Phase D (late 2030s and 2040s): commercial scale-up

  • Move to a repeatable design and lower costs through learning.

  • Link with firm renewable power, storage, hydrogen production, and modern grids.

  • Export components and services through a “Make in India” fusion supply chain.

Enablers government and industry should set up now

  • A National Fusion Energy Mission with clear goals, stable multi-year funding, and one coordinating authority; independent technical reviews every two years.

  • A strong domestic supply chain with standard tests and long-term contracts for magnets, cryogenic plants, high-heat-flux components, radio-frequency and microwave heating systems, and vacuum hardware.

  • Materials and irradiation programmes with universities and public labs to create metals and ceramics that survive neutron damage.

  • A thousand-fellowship talent pipeline and joint industry–lab training centres.

  • Early fusion-specific safety codes for tritium handling, remote maintenance, worker exposure, and waste categories, so rules grow with the machines.

  • Continued work with international partners and responsible space for private Indian companies to build sub-systems.
     

Where does fusion fit?

India is already scaling solar, wind, hydro, storage, and aims to expand safer forms of nuclear fission. Fusion is not a near-term fix. It is a mid-century option for firm, clean baseload power.
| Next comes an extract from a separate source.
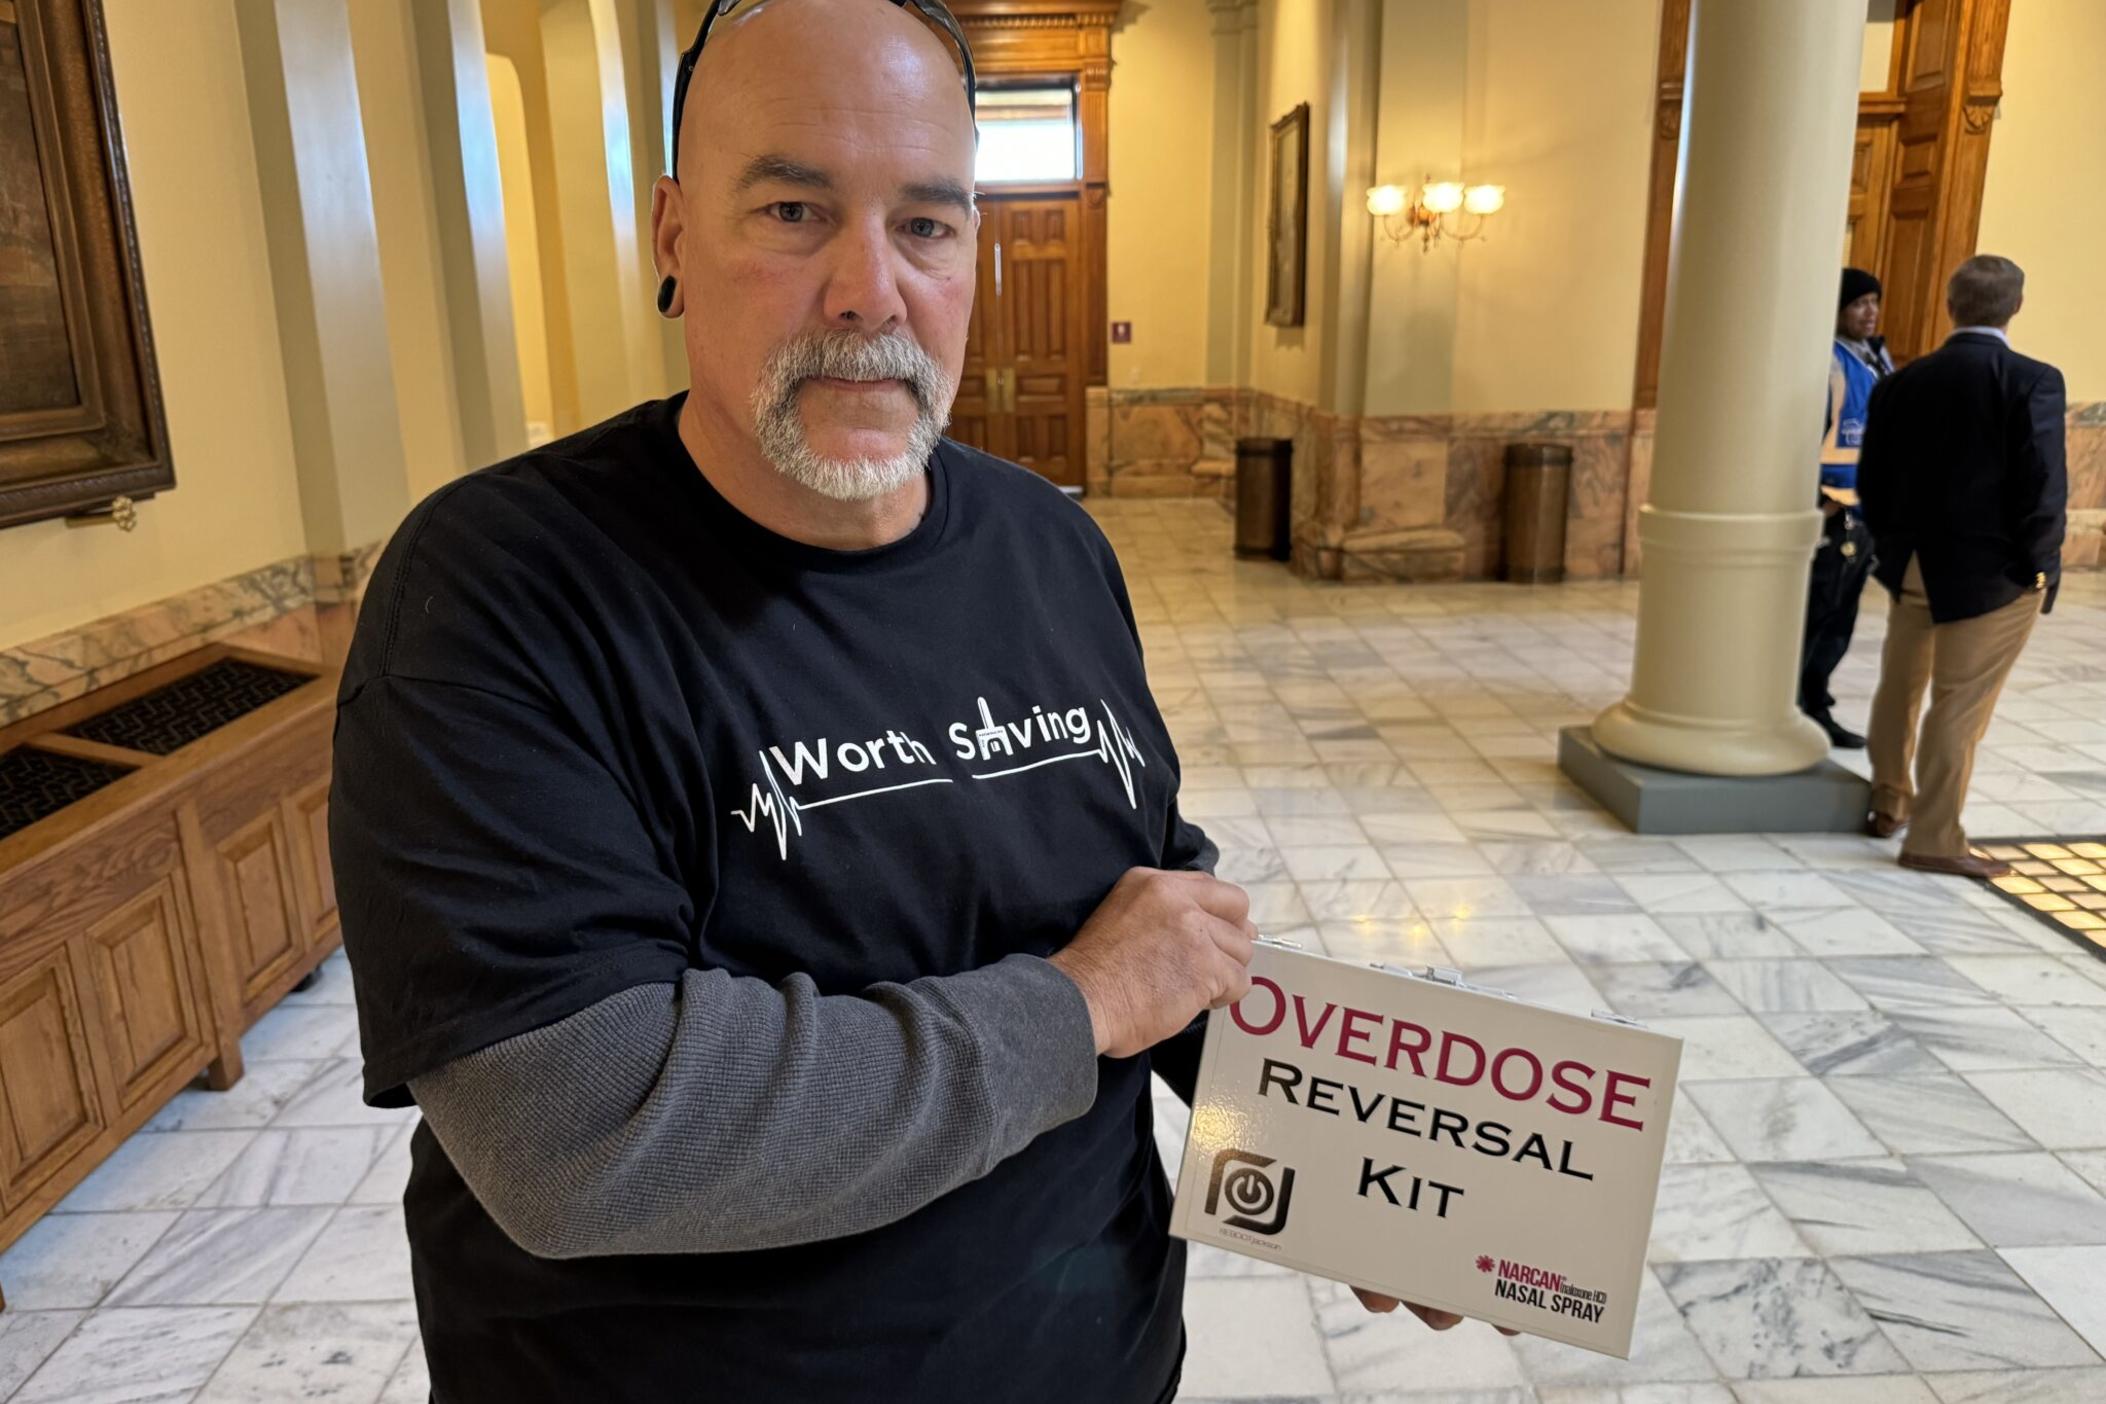 Jon Langston, founder and president of Reboot Jackson, which is a recovery community organization in Jackson County, displays a naloxone kit while at the state Capitol in January. Jill Nolin/Georgia Recorder

Starting now builds skills, standards, and suppliers so that India can choose fusion with confidence when the physics and engineering are ready.

Main risks and simple responses

  • Timelines can slip: Set public milestones and adjust scope based on real progress.

  • Early costs are high: Treat the first plant as a learning tool; design later plants for cost and ease of building.

  • Materials and tritium are hard: Use hybrid testbeds, plan for lithium early, and share data with global partners.

  • Talent is scarce: Offer mission-style careers, clear growth paths, and reliable funding.

  • Public trust matters: Communicate safety, environment, and cost–benefit clearly from day one.

Key takeaways 

  • Build SST-Bharat, practise long, steady operation, and involve Indian industry from the start.

  • Use a fusion–fission hybrid step to learn neutron and fuel handling at larger scale and do useful work along the way.

  • Aim for an Indian fusion pilot plant that proves electricity to the grid, tritium self-sufficiency, and reliable long pulses.

  • Solve four big challenges: power balance, materials and heat, tritium production and reuse, and long, reliable runs.

  • Create a National Fusion Mission, strong safety rules, a skills pipeline, and a domestic supply chain.

  • See fusion as a mid-century complement to renewables and advanced fission, not a quick replacement.

Exam hook

Large energy shifts take decades. If India wants firm, clean baseload power beyond 2040, it must build machines, materials, fuel handling, safety rules, trained people, and capable suppliers now. The Institute for Plasma Research roadmap is a practical ladder: learn on an Indian tokamak, practise the hard subsystems in a hybrid step, and then prove a pilot plant that sends power to the grid and makes its own fuel. This is how India moves from research to leadership.

UPSC Mains question

“India’s fusion pathway must be mission-mode and industry-linked, not lab-only.”
Explain how a staged plan—can solve the critical hurdles of power balance, material survival, tritium production and reuse, and long-duration operation. (250 words)

UPSC Prelims question 

  1. In a magnetic-confinement fusion power plant, which of the following is not the role of the tritium-breeding blanket?
  1. Produce tritium from lithium using fusion neutrons

  2. Remove heat for conversion to electricity

  3. Confine the plasma inside the tokamak

  4. Protect structural parts from neutron damage

Choose the correct answer:
(a) 1 and 2 only
(b) 2 and 4 only
(c) 3 only
(d) 1, 2 and 4 only

Answer: (c)
Explanation: The blanket makes tritium, removes heat, and shields components. Plasma is confined by magnetic fields, not by the blanket.

One-line wrap

Turn fusion from a distant dream into a clear ladder: build an Indian machine, learn by doing, prove a pilot plant, and then scale with Indian industry.